Multiple Choice Questions (MCQs)

Q1. Which of the following molecules is non-polar?
(a) $HF$
(b) $H_2O$
(c) $Cl_2$
(d) $HCl$

Answer: (c) $Cl_2$
Explanation: $Cl_2$ is formed between two identical atoms with no electronegativity difference → non-polar.

Q2. Which bond is most polar?
(a) $H—F$
(b) $H—Cl$
(c) $H—I$
(d) $H—Br$

Answer: (a) $H—F$
Explanation: Fluorine has the highest electronegativity, so $H—F$ has the greatest electronegativity difference and strongest polarity.

Q3. In $HCl$, partial charges are represented as:
(a) $H^{\delta^-}—Cl^{\delta^+}$
(b) $H^{\delta^+}—Cl^{\delta^-}$
(c) $H^+—Cl^-$
(d) No charge separation

Answer: (b) $H^{\delta^+}—Cl^{\delta^-}$
Explanation: Chlorine is more electronegative, so it gets $\delta^-$; hydrogen gets $\delta^+$.

Assertion-Reason Questions

Q1.
Assertion (A): $H_2O$ is a polar molecule.
Reason (R): Oxygen is more electronegative than hydrogen, and the bent geometry of $H_2O$ gives a net dipole moment.

• (a) A and R both true, R is correct explanation of A
• (b) A and R both true, R not correct explanation of A
• (c) A true, R false
• (d) A false, R true

Answer: (a)

Q2.
Assertion (A): $Cl_2$ molecule is non-polar.
Reason (R): Both chlorine atoms have the same electronegativity, so the electron pair is equally shared.

Answer: Both A and R are true, and R is the correct explanation of A.

Q3.
Assertion (A): The polarity of $H—F$ bond is greater than that of $H—I$.
Reason (R): Fluorine is more electronegative than iodine.

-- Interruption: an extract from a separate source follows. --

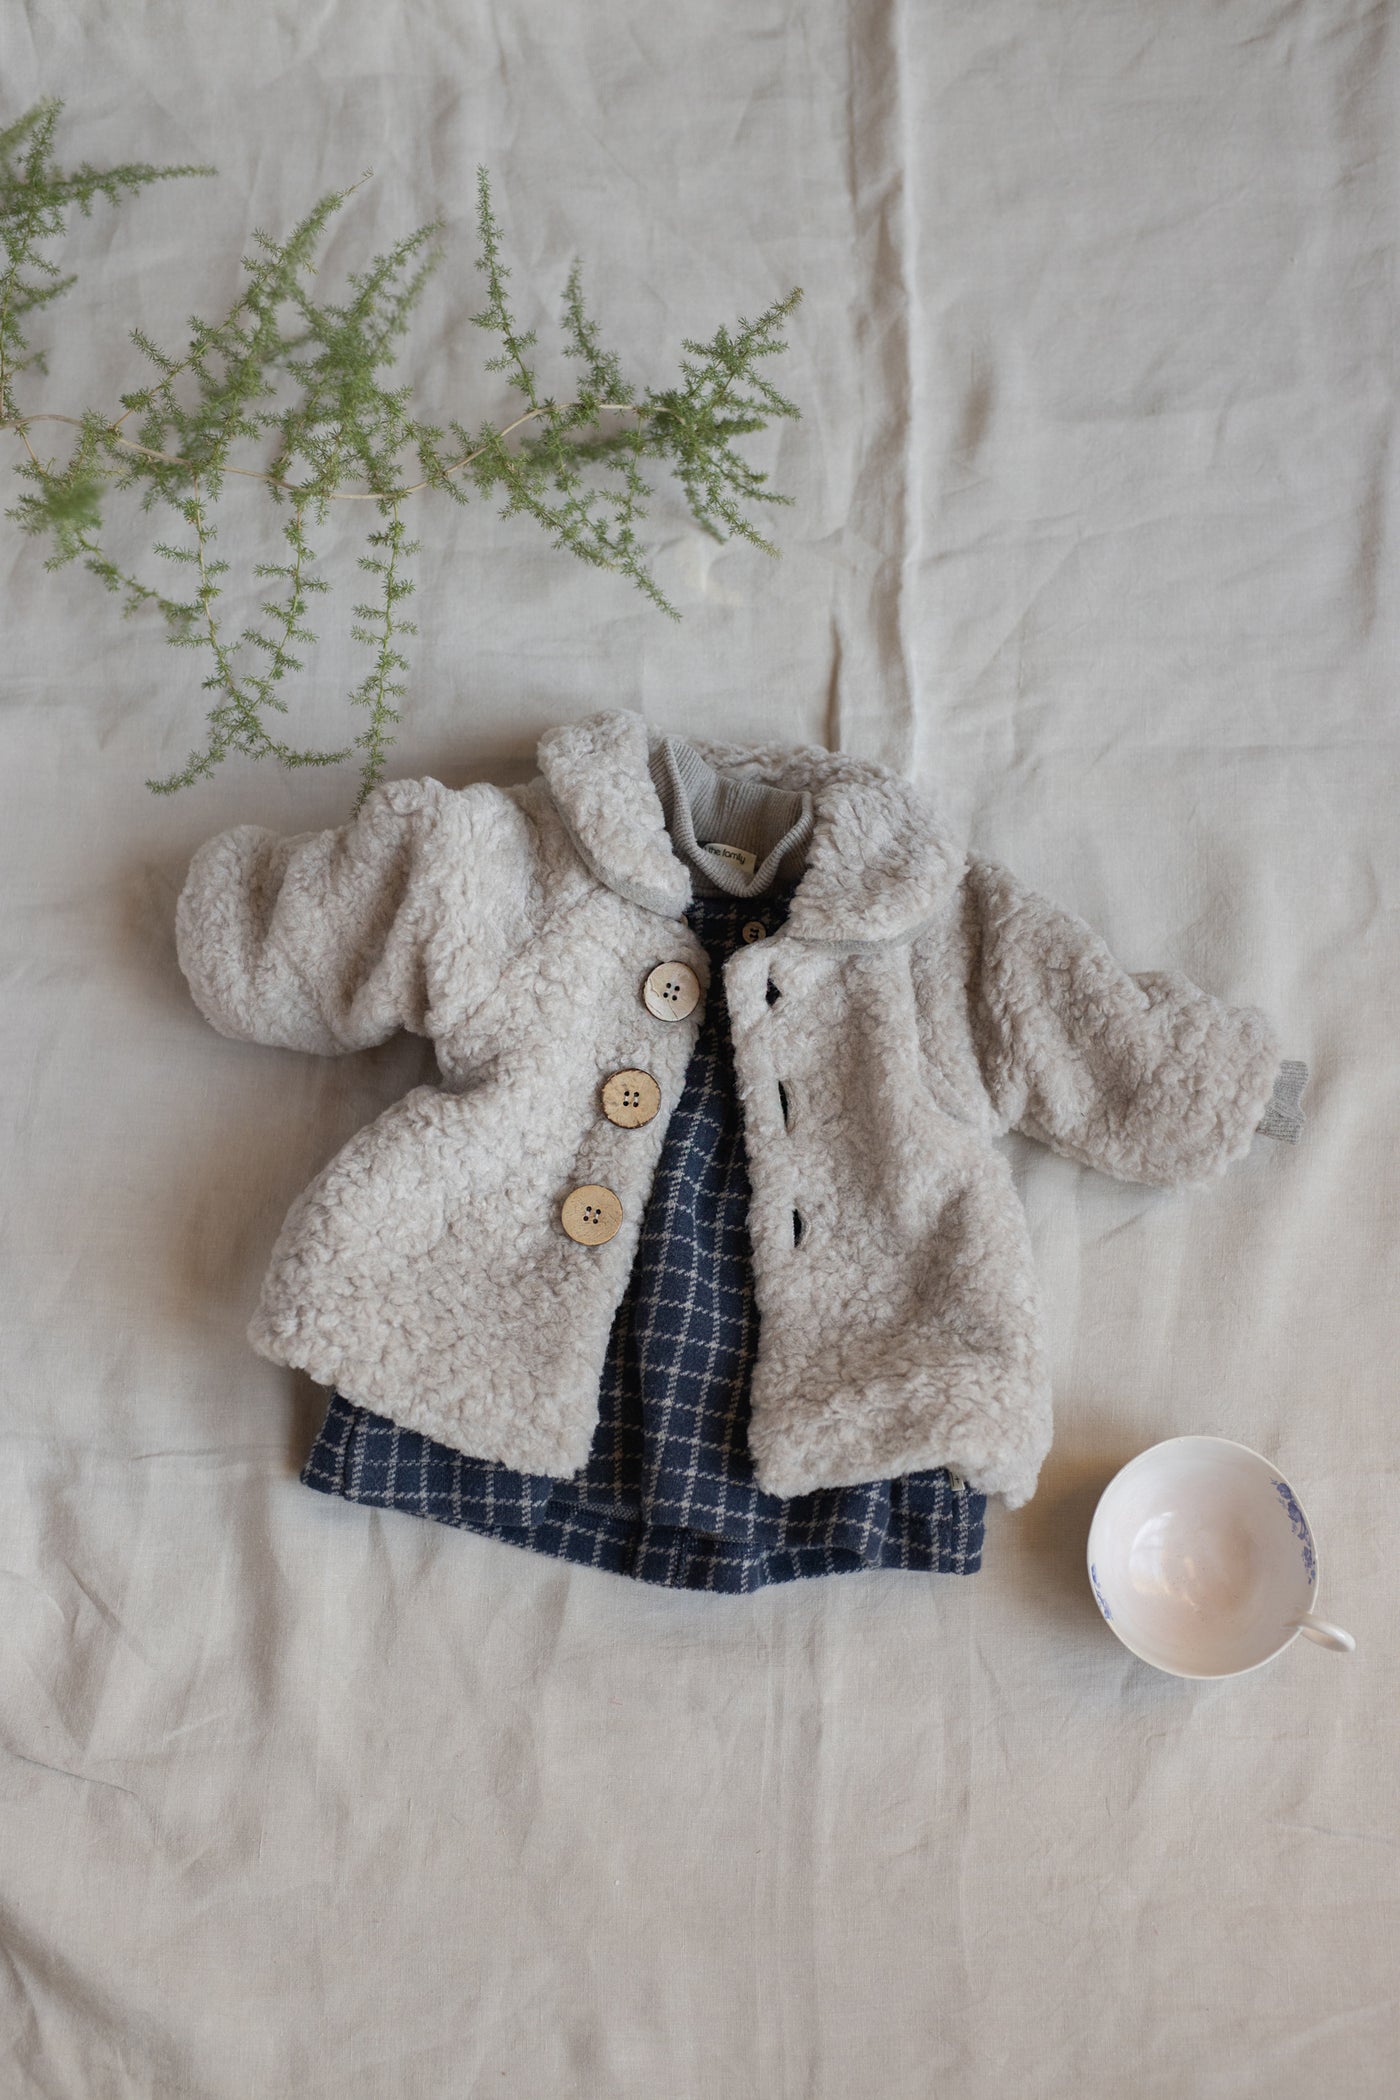 【1＋in the family】【40%OFF】ENEA navy ワンピース 12m,18m,24m,36mのコピー  | Coucoubebe/ククベベ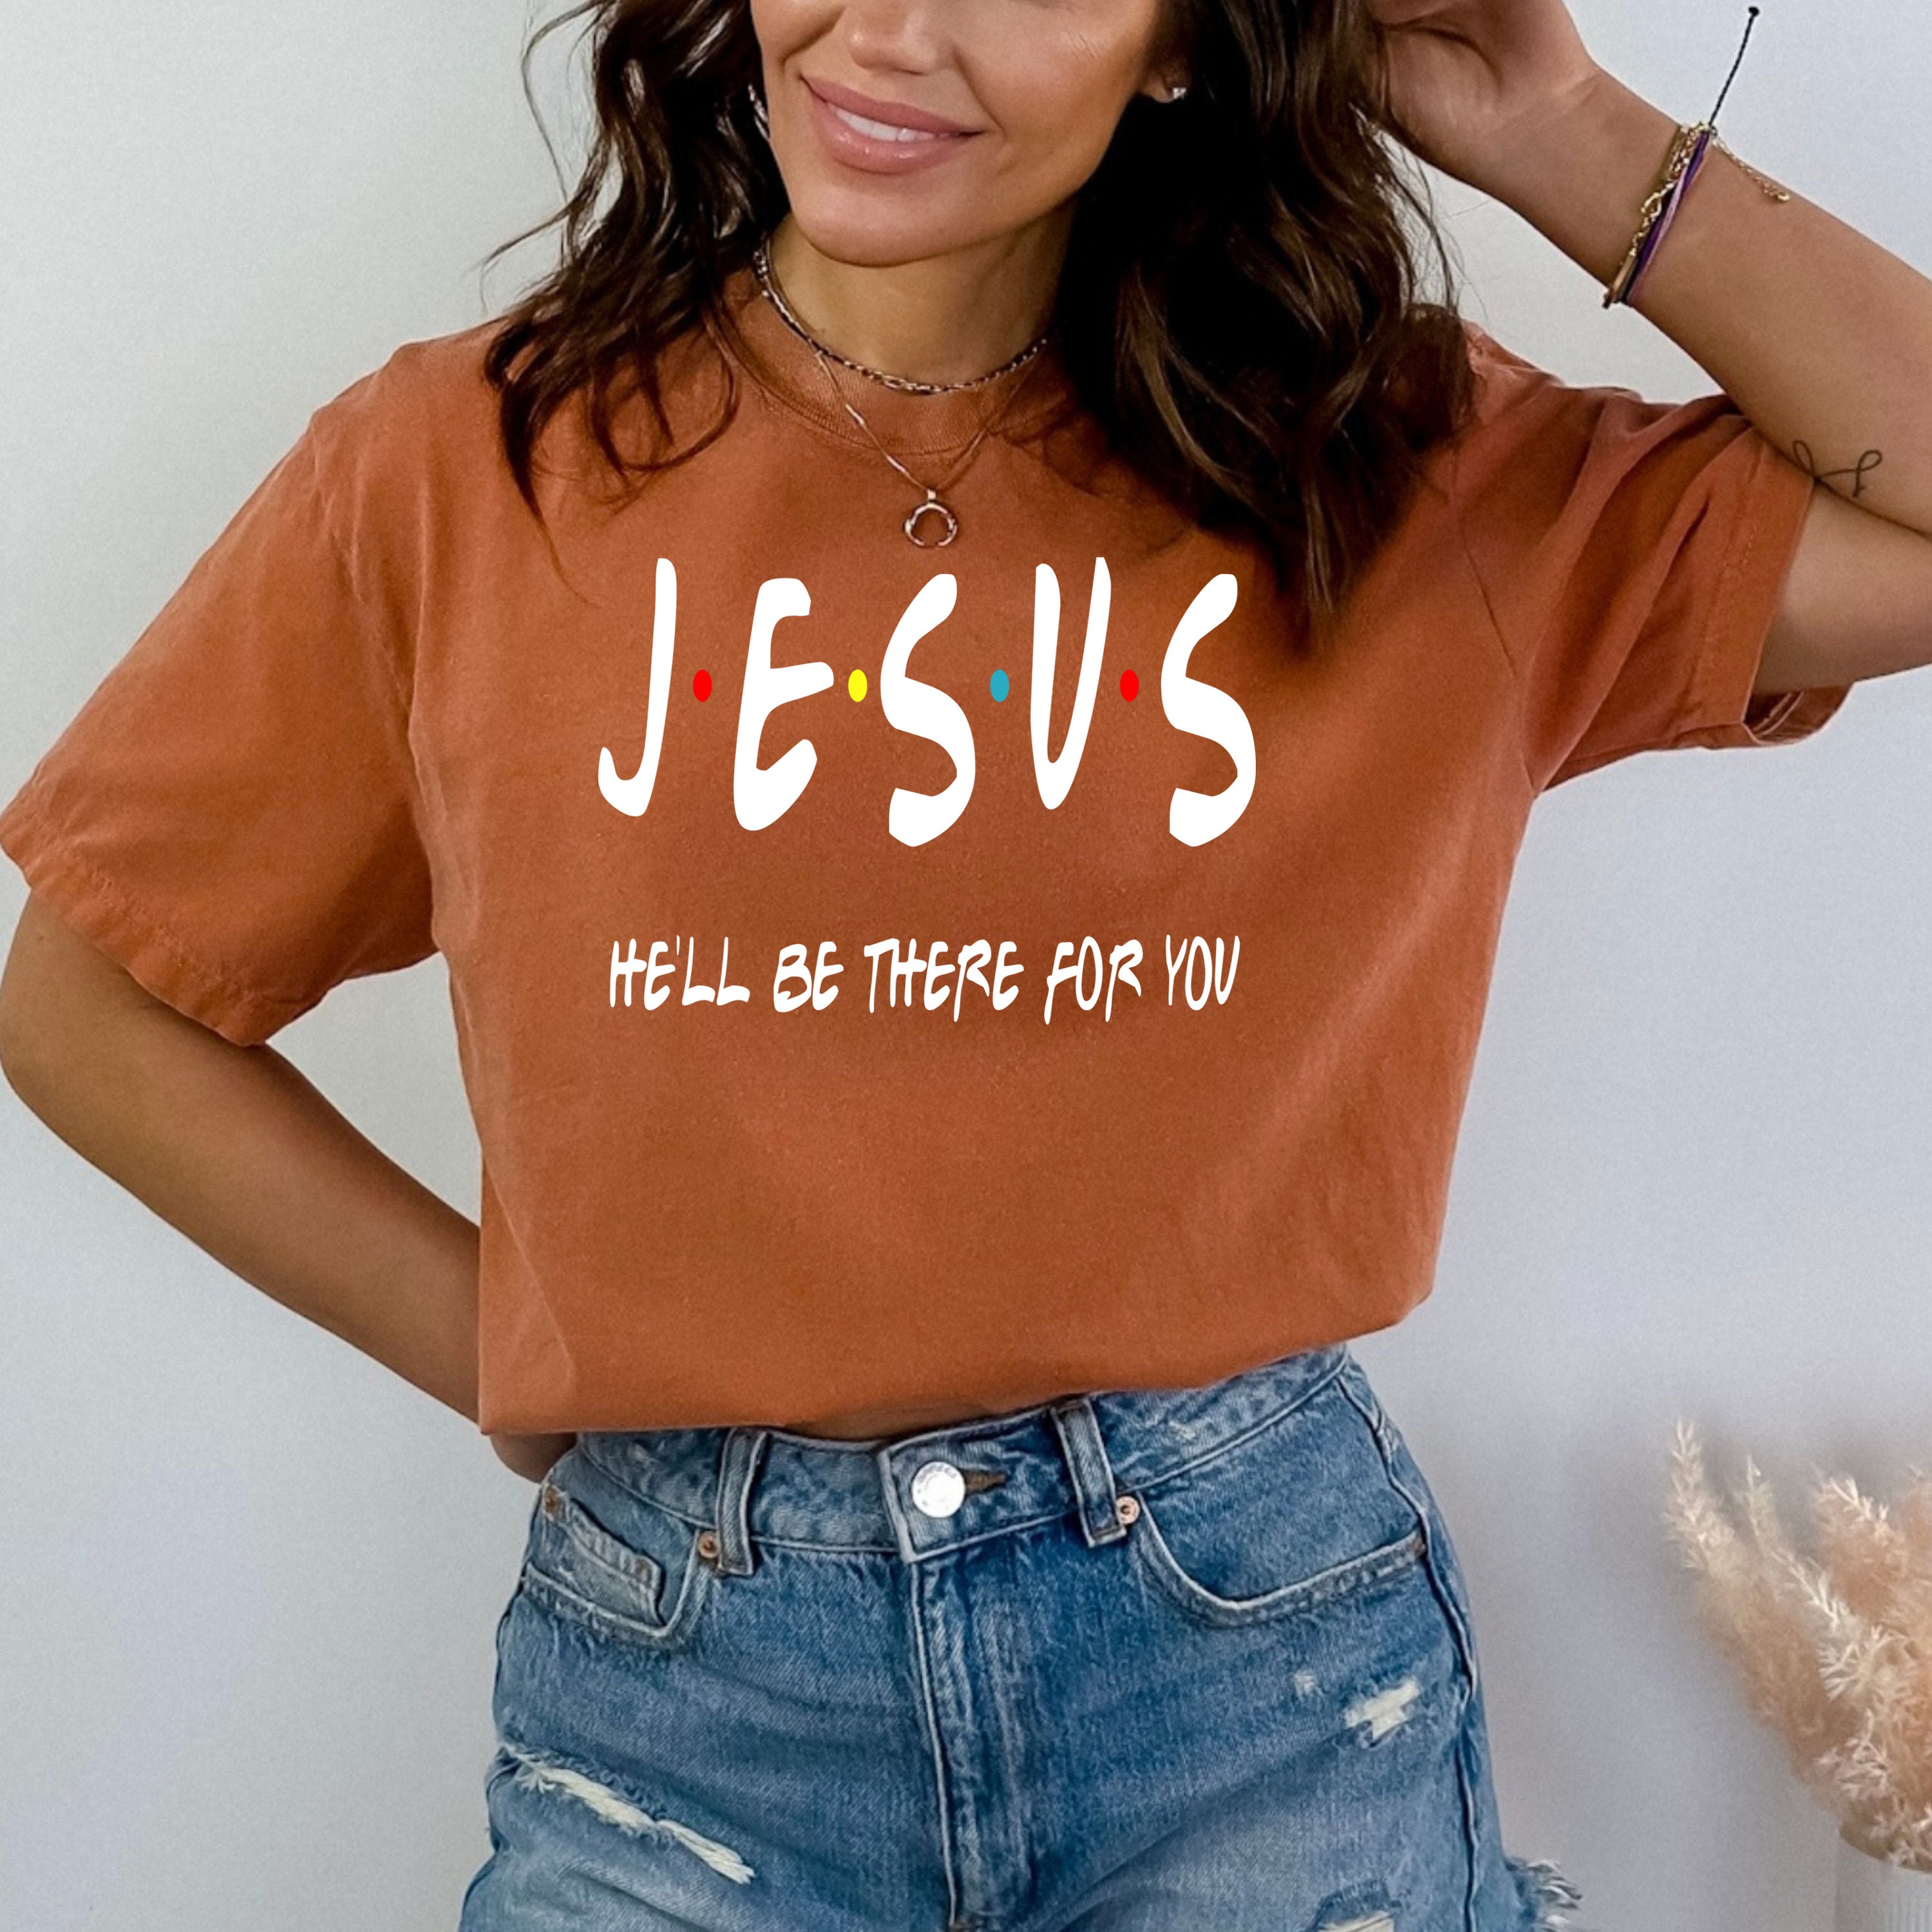 Jesus He'll Be There For You - Bella canvas

Answer: Both A and R are true, and R is the correct explanation of A.

Case Study Question

Passage:
Polarity of a covalent bond depends on the difference in electronegativity of the bonded atoms. In a non-polar bond (e.g., $Cl_2$), the electron pair is equally shared. In a polar bond (e.g., $HCl$), chlorine attracts electrons more strongly than hydrogen, creating partial charges: $H^{\delta^+}$ and $Cl^{\delta^-}$. The polarity of bonds leads to the formation of polar molecules like $H_2O$ and $HF$. The greater the electronegativity difference, the higher the bond polarity.

Questions:

1. Why is $Cl_2$ non-polar?
2. Which end of $HCl$ is $\delta^-$?
3. Arrange the following in increasing bond polarity: $H—I$, $H—Br$, $H—Cl$, $H—F$.

Answers:

1. Because both chlorine atoms have equal electronegativity, electrons are shared equally.
2. Chlorine end is $\delta^-$.
3. Order of polarity: $H—I < H—Br < H—Cl < H—F$.